UNODC launches migrant smuggling data sharing system for state authorities
24 July 2013 -The UNODC Regional Office for Southeast Asia and the Pacific recently launched the Voluntary Reporting System on Migrant Smuggling and Related Conduct (VRS-MSRC) - an internet-based, secure system where state authorities can collect and share migrant smuggling data. The system is in support of the Bali Process, an inter-governmental dialogue on migrant smuggling and human trafficking covering mainly Asia and the Pacific.
Designed to inform strategic analysis and policy development at inter-regional, regional, and national levels, the VRS-MSRC seeks to establish non-nominal quantitative and qualitative data on migrant smuggling and irregular migration. Key data include: size and geographical directions of flows; major routes used; fees paid; transportation and methods used; profiles of irregular and smuggled migrants; and migrant smuggler profiles.

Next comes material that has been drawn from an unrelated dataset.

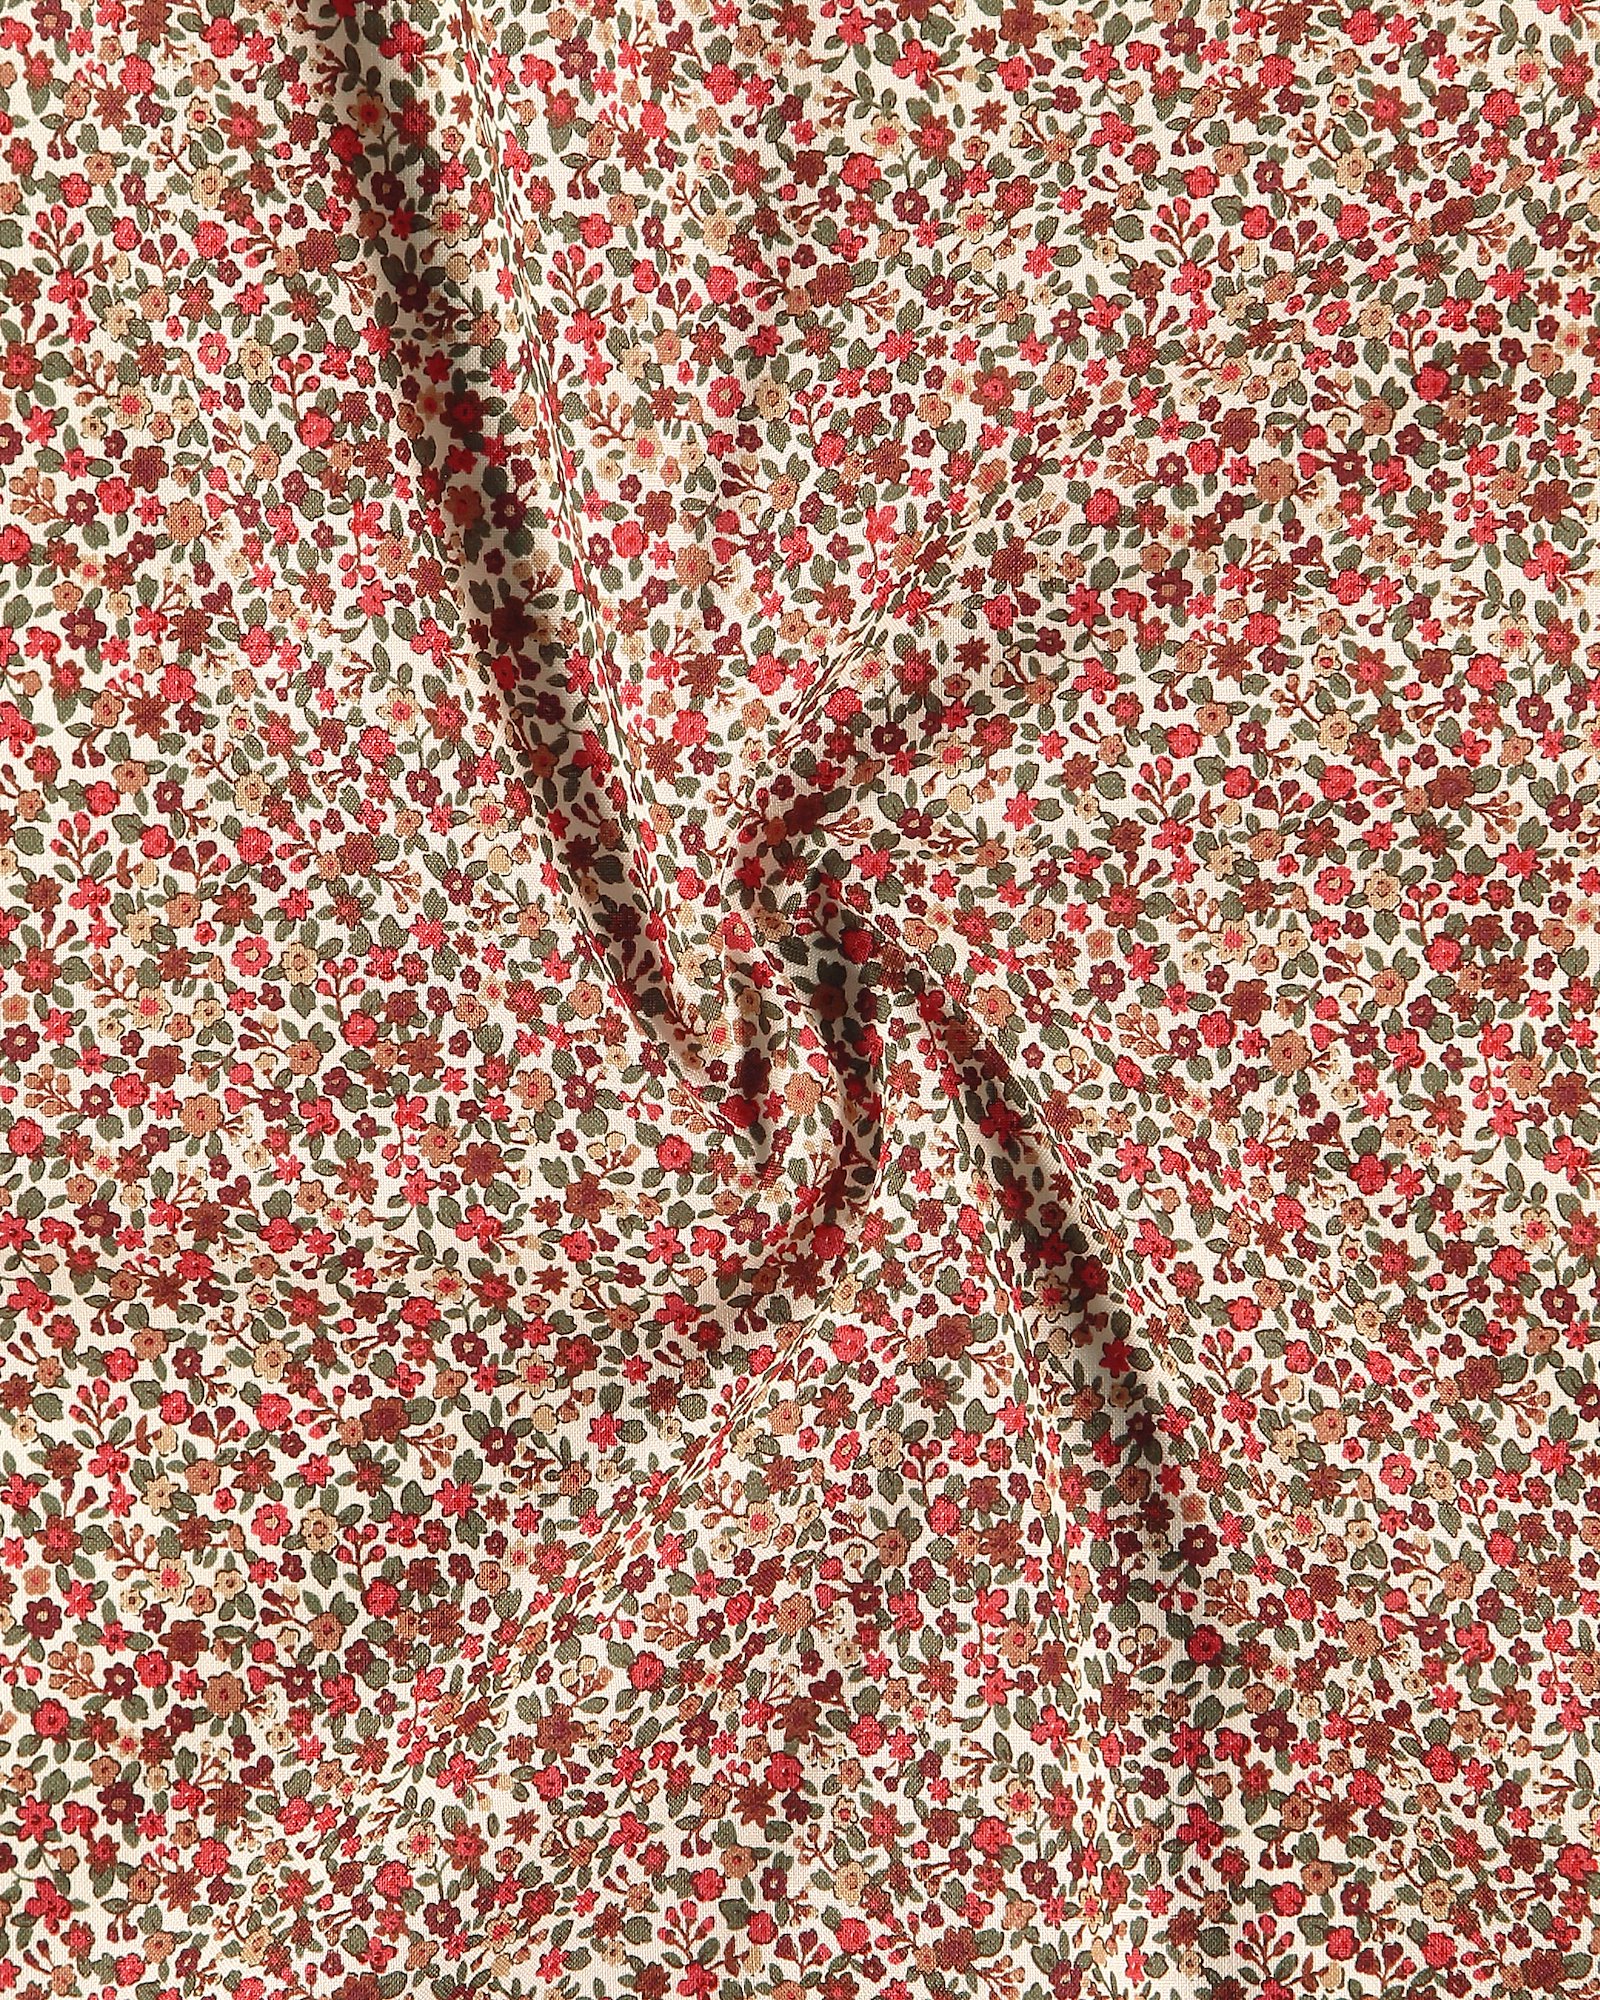 Bomull pastell puder med röda blommor 852443_pack

The system was developed by UNODC in close cooperation with law enforcement authorities from countries in Asia and the Pacific, Europe and North America in response to the 4th Bali Process Ministerial Conference in March 2011.
Under the United Nations Convention against Transnational Organized Crime and its supplementing Smuggling of Migrants Protocol, States are required to collect, exchange, and analyze information on migrant smuggling, and to monitor policies and assess their effectiveness.
The VRS-MSRC helps states fulfill these responsibilities. It helps members identify trends and develop policies so they can prevent and combat migrant smuggling. It includes an online search mechanism so members can identify emerging patterns in other countries and facilitate targeted cooperation with members experiencing similar trends.
To date, authorities from 16 states and territories have confirmed their participation, including: Australia, Cambodia, France, Hong Kong (SAR), Indonesia, Lao PDR, the Maldives, Marshall Islands, New Caledonia, New Zealand, Norfolk Islands, Pakistan, the Solomon Islands, Thailand, Turkey and the United States of America.
Forging sustainable solutions in response to migrant smuggling is a tremendous challenge. One-sided interventions simply run the risk of compounding or displacing the problem.
"Migrant smuggling is transnational in nature; curbing it requires truly multilateral action," says Mr. Sebastian Baumeister, UNODC Expert and Analyst on Migrant Smuggling based in Bangkok. "Cooperation among all countries concerned and comprehensive approaches are crucial. Building evidence-based knowledge on migrant smuggling and exchanging information between states creates trust and cooperation among nations and leads to the effective application of consistent policies."